Zeta Alpha's 10 Predictions for AI in 2025

Dinos Papakostas

Jan 217 min read

Updated: Jan 24

Zeta Alpha's Trends in AI webinar kicked off the new year by looking at the recent progress in AI and we extrapolate these trends to predict where we think things are headed for 2025. Read on if you want to understand the key developments impacting AI in the next 12 months and get up to speed quickly.

Catch us live for the next edition of our webinar for all the latest news and developments in AI:

Without further ado: Our 10 Predictions for AI in 2025:

Inference-time compute scaling will dominate AI progress.

Figure 1: o1's performance on AIME improves with more test-time compute. [Source]

The trend is shifting from the massive compute used for training AI models to optimizing how they perform during inference. Using more tokens at inference time seems like the most straightforward way of improving the performance of large language models (Fig. 1). This is supported by ongoing research that seeks to replicate models such as OpenAI's o1 (and recently, o3), as they've been the only models to break the ARC-AGI benchmark (Fig. 2). While these models may not show across-the-board improvements, they excel in areas like mathematical reasoning and code generation (Fig. 3). Interestingly, AI regulation so far has been based on training compute, whereas the industry is rapidly moving towards inference time compute. Already, we see smaller labs trying to get in on the action by distilling models similar to o1, either by training on reasoning traces or trying to replicate its reinforcement learning-based training setup. Notably, the recently released DeepSeek-R1 model is alleged to be causing panic in the large industrial AI labs as it was trained on a budget of only $6M on a relatively modest GPU cluster, while matching the performance of OpenAI's o1 model.

Figure 2: o3 (tuned) beats the average human on the ARC-AGI benchmark. [Source]

Figure 3: o1-preview isn't always preferred by humans over GPT-4o. [Source]

The compute market for inference will break NVIDIA’s dominance.

The shift towards inference time reasoning presents a new opportunity to disrupt Nvidia's stronghold. The appeal of running models on cheaper and more efficient hardware is expected to grow, especially with the increasing prevalence of edge devices. Companies like AMD and Google, with their Instinct Series GPUs and Trillium TPUs respectively, are well-positioned to eat into Nvidia's market share. As the cost of inference will become a critical factor, the high profit margins that Nvidia currently enjoys will not be sustainable.
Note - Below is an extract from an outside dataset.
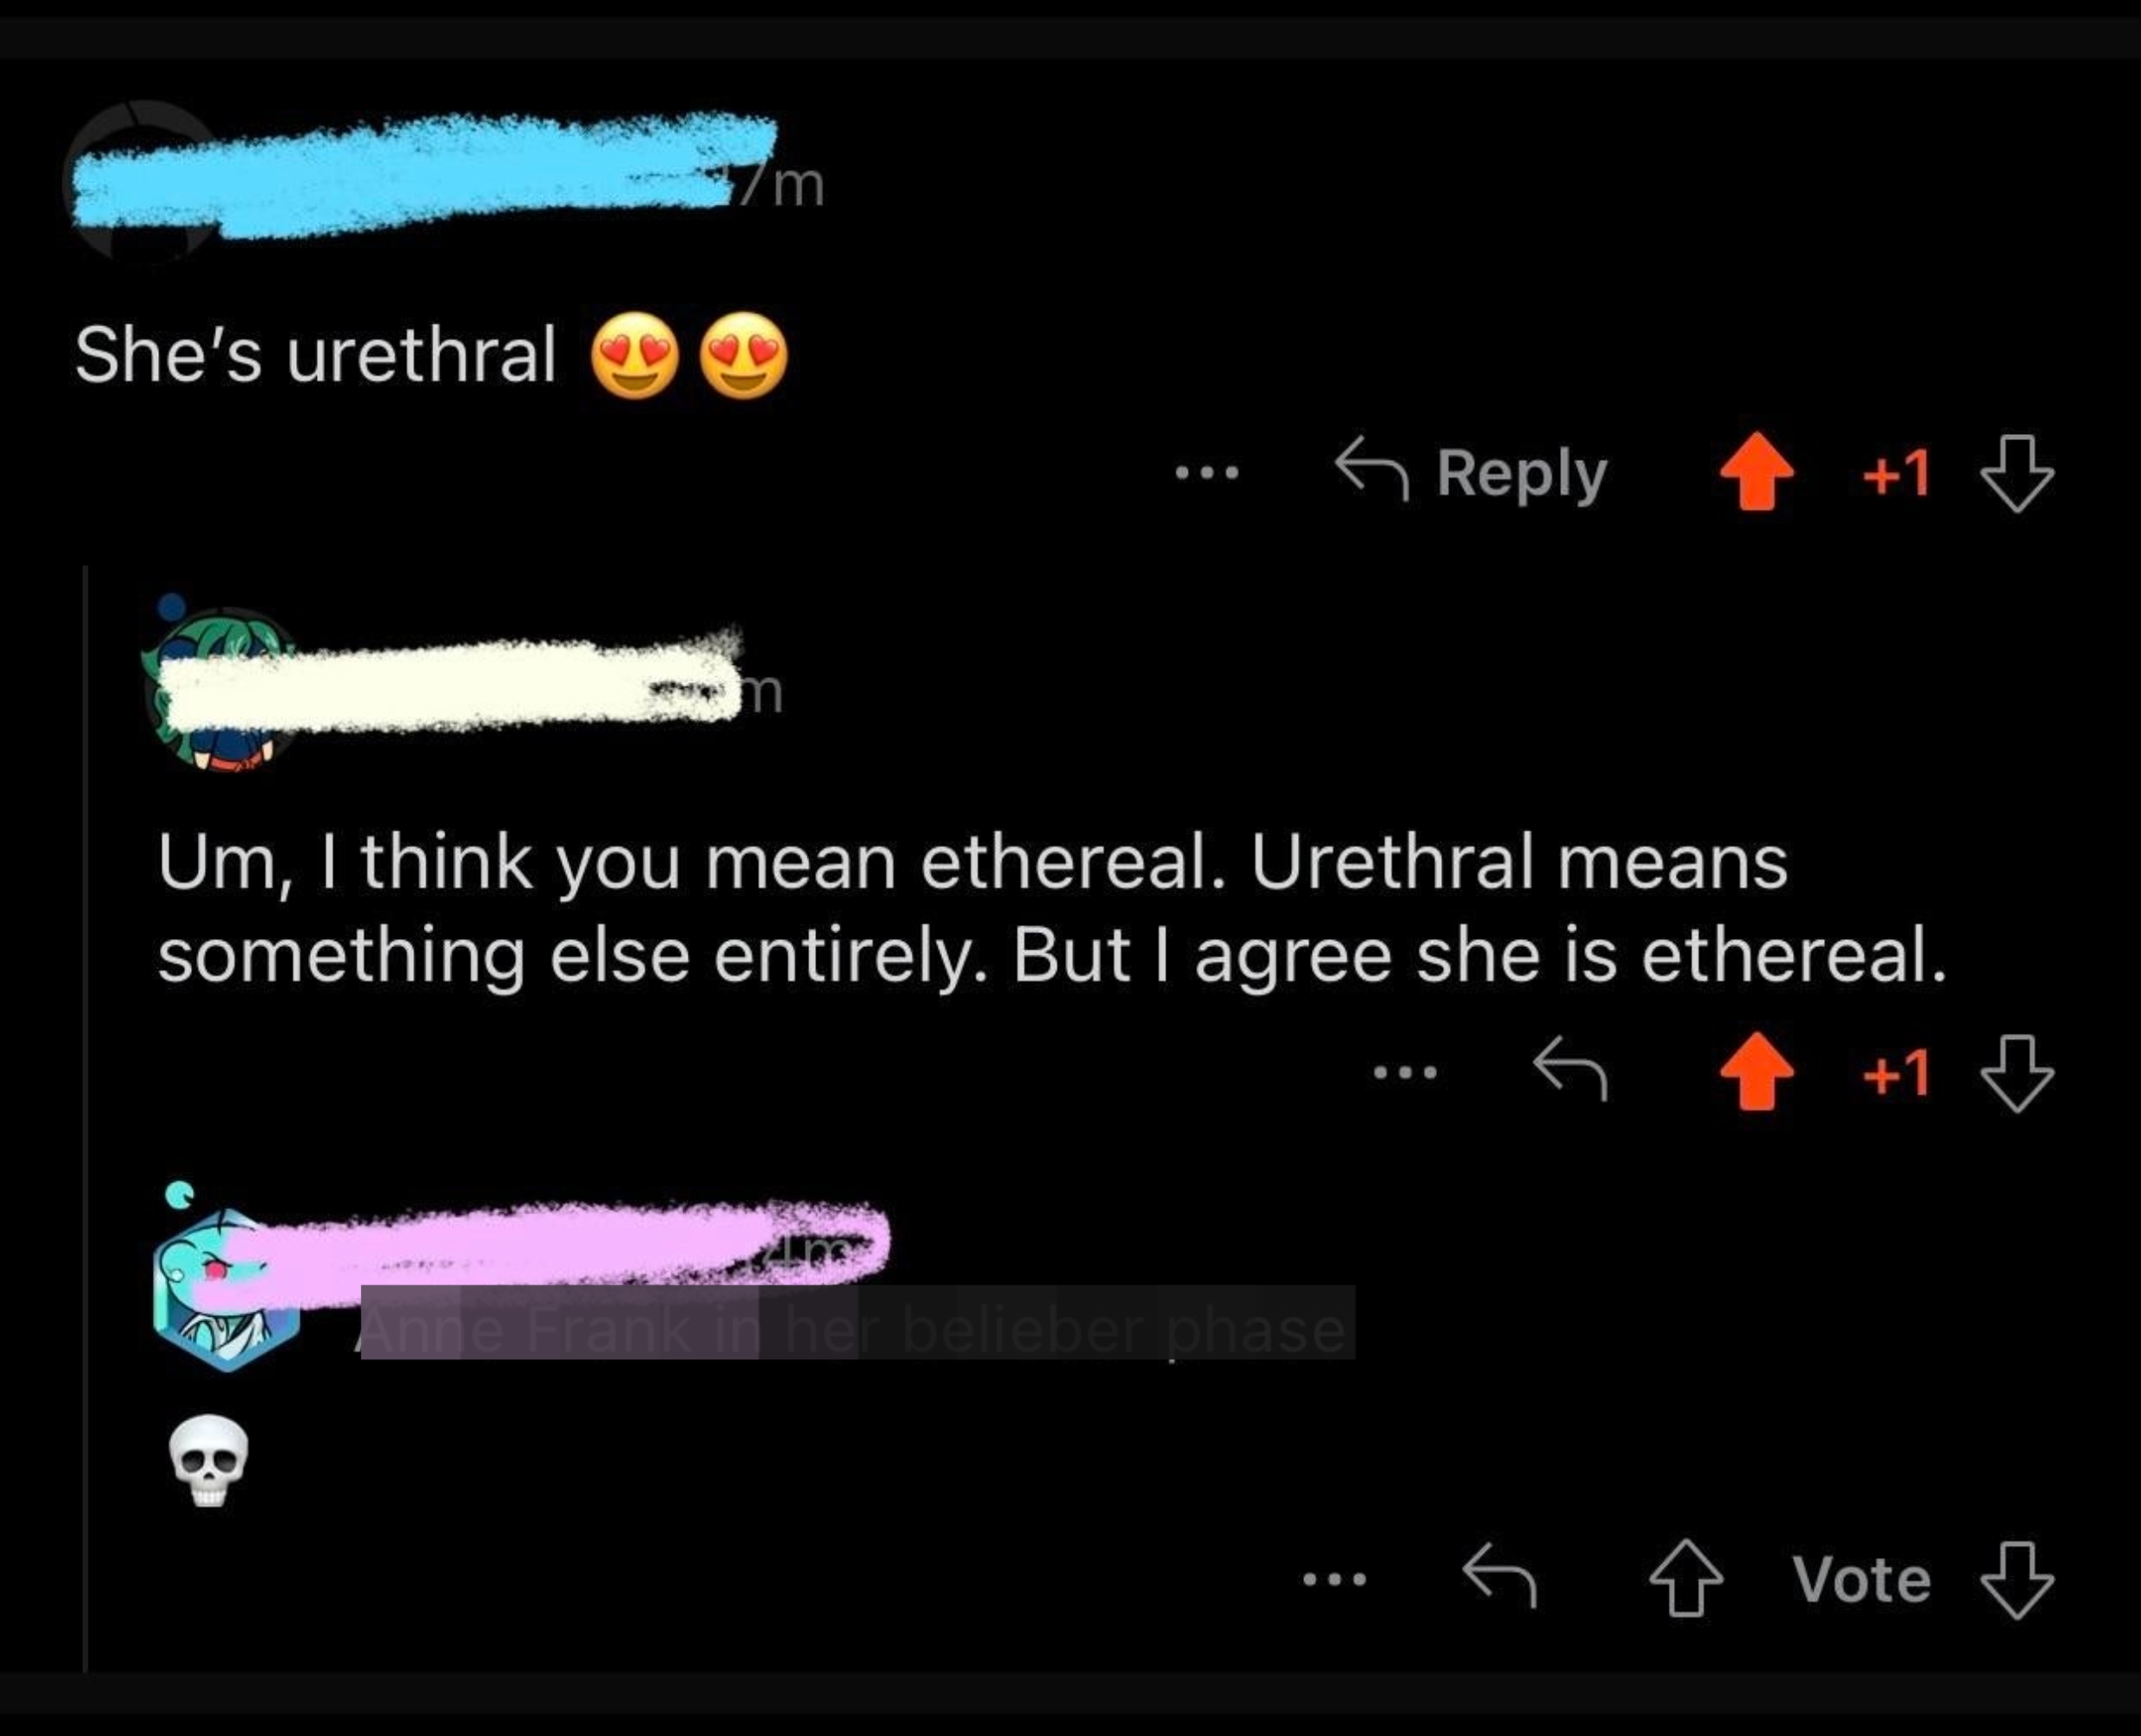 &quot;She&#x27;s urethral&quot;; &quot;Um, I think you mean ethereal; urethral means something else entirely, but I agree she is ethereal&quot;

A recent analysis showed that AMD's hardware offers better flops performance, memory capacity, and a lower price compared to Nvidia (Fig. 4). Our internal report of compute accelerators in research papers also shows that the popularity of different hardware is also shifting, with TPUs and other competitors experiencing rapid growth (Fig. 5).

Figure 4: AMD's MI300X has higher base specifications than the Nvidia H series. [Source]
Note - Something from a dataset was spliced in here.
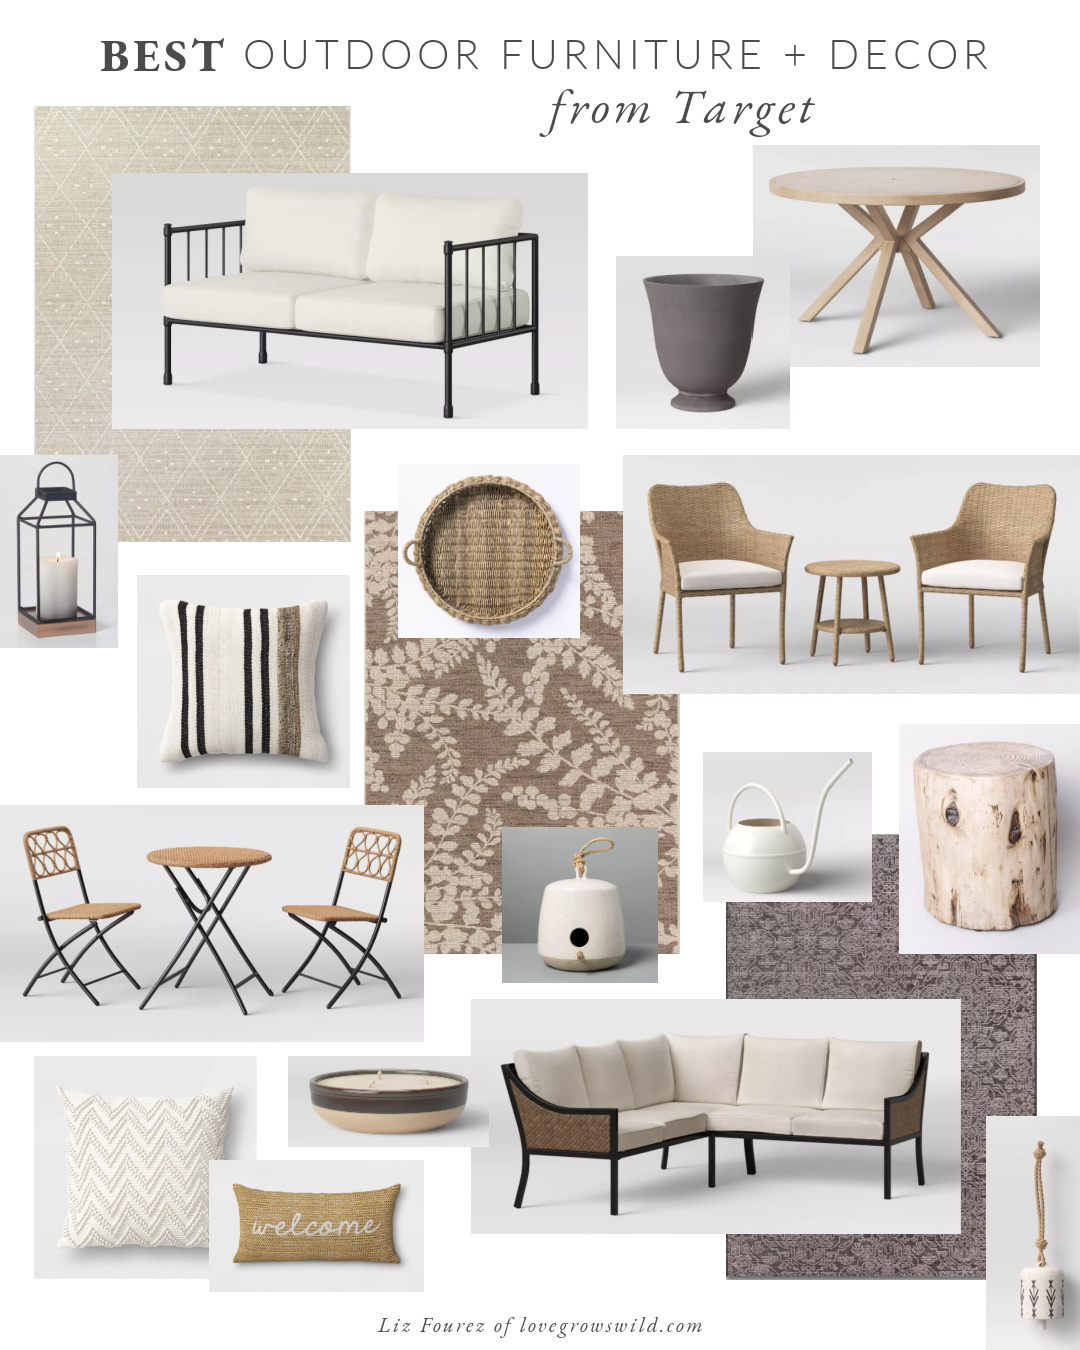 Home blogger and interior decorator Liz Fourez shares her favorite finds for outdoor furniture and decor

Figure 5: Groq and TPUs are the fastest-growing accelerators in AI research, while A100 is still the king.

Enterprise AI systems will be based on agentic RAG.

Companies deploying Gen AI systems tend to prioritize faithfulness and accuracy, focusing on trustworthy sources and grounding answers in the source documents with references. Agents are increasingly playing a role in creating better answers through dynamic information retrieval, going beyond strict output definitions. Recently, we encountered a benchmark showing that agentic behavior helps across the board, such as in question answering and math tasks (Fig. 6). This is something we truly believe in at Zeta Alpha, as evidenced by our Research Agent release in November (read more here!), which is built on top of a well-balanced interplay between multiple LLM based agents that plan search queries to explore different aspects of the topic, evaluate the relevance of search results, and integrate information from documents into a coherent and fact-based research report.

Figure 6: Agentic inference improves overall performance for tasks like question answering and math. [Source]

Figure 7: Zeta Alpha's Research Agent uses agentic behavior to improve RAG performance.

AI agents will have a measurable impact on the labor market.

Some companies, like Salesforce, have stated that they have enough software engineers, and they foresee AI agents filling any missing positions. Mark Zuckerberg also believes that AI will replace mid-level software engineers. The recent World Economic Forum Future of Jobs Report predicts a significant increase in work done by AI, which will have a corresponding impact on the labor market (Fig. 8). All these recent developments hint that the workforce as we know it is going to change in the coming years, with less critical positions being substituted, or enhanced, with AI agents.

Figure 8: WEF predicts one third of the tasks to be completed by AI, and one third collaboratively. [Source]

Multimodal search will be the new normal by the end of 2025.

Vision-based search, using models like DSE and ColPali, will become the standard for searching both textual and visual documents. This paradigm greatly simplifies the required pre-processing pipelines by creating embeddings directly from visual data. We are already seeing that existing benchmarks for visually rich documents like ViDoRe are being rapidly saturated (Fig. 9). In any case, we anticipate a lot of the Neural IR research to be focusing on this new approach, as we are seeing a growing number search technology vendors, including Zeta Alpha to switch to this new paradigm because of importnant real-world applications on many data modalities, such as figures and tables, visually information-rich pages like presentation slides, etc.

Figure 9: The ViDoRe benchmark seems to be saturating, with the SOTA reaching a score of 90 pts. [Source]

2025 will be the year of World (Foundation) Models.

Moving beyond just understanding text and images, we are observing a lot of traction around developing AI that can understand the world, including physics and how objects interact. This includes creating models that can be used to control robots, which is also referred to as embodiment. Nvidia's Cosmos model, which was recently open-sourced, is an example of this type of world model (Fig. 10). The convergence of gaming engines and video generation into this field is also noteworthy as all of these areas must have a robust physics simulation to function properly.

Figure 10: NVIDIA Cosmos can be fine-tuned for physical control of embodied systems. [Source]

Humanoid robots will remain hype (other forms will be practical).

This might be a controversial take, but we predict that fewer than 10,000 humanoid robots will be sold by the end of 2025 (and we think 10K is already pushing it), indicating continued hype without significant real-world impact. The Tesla robot recently made the news with a negative connotation, as instead of being autonomous it turned out that it was teleoperated by humans behind the scenes. A recent study from Morgan Stanley Research estimated the number of workers substituted by humanoid roboids to remain below 0.1% until 2032 (Fig. 11). While we anticipate that there will be considerable investment, success is anything but certain. On a positive note, however, we expect that other form factors, like dog robots, will see more progress due to their versatility and practicality. In particular the Unitree demo video that has recently been released is stunning if real.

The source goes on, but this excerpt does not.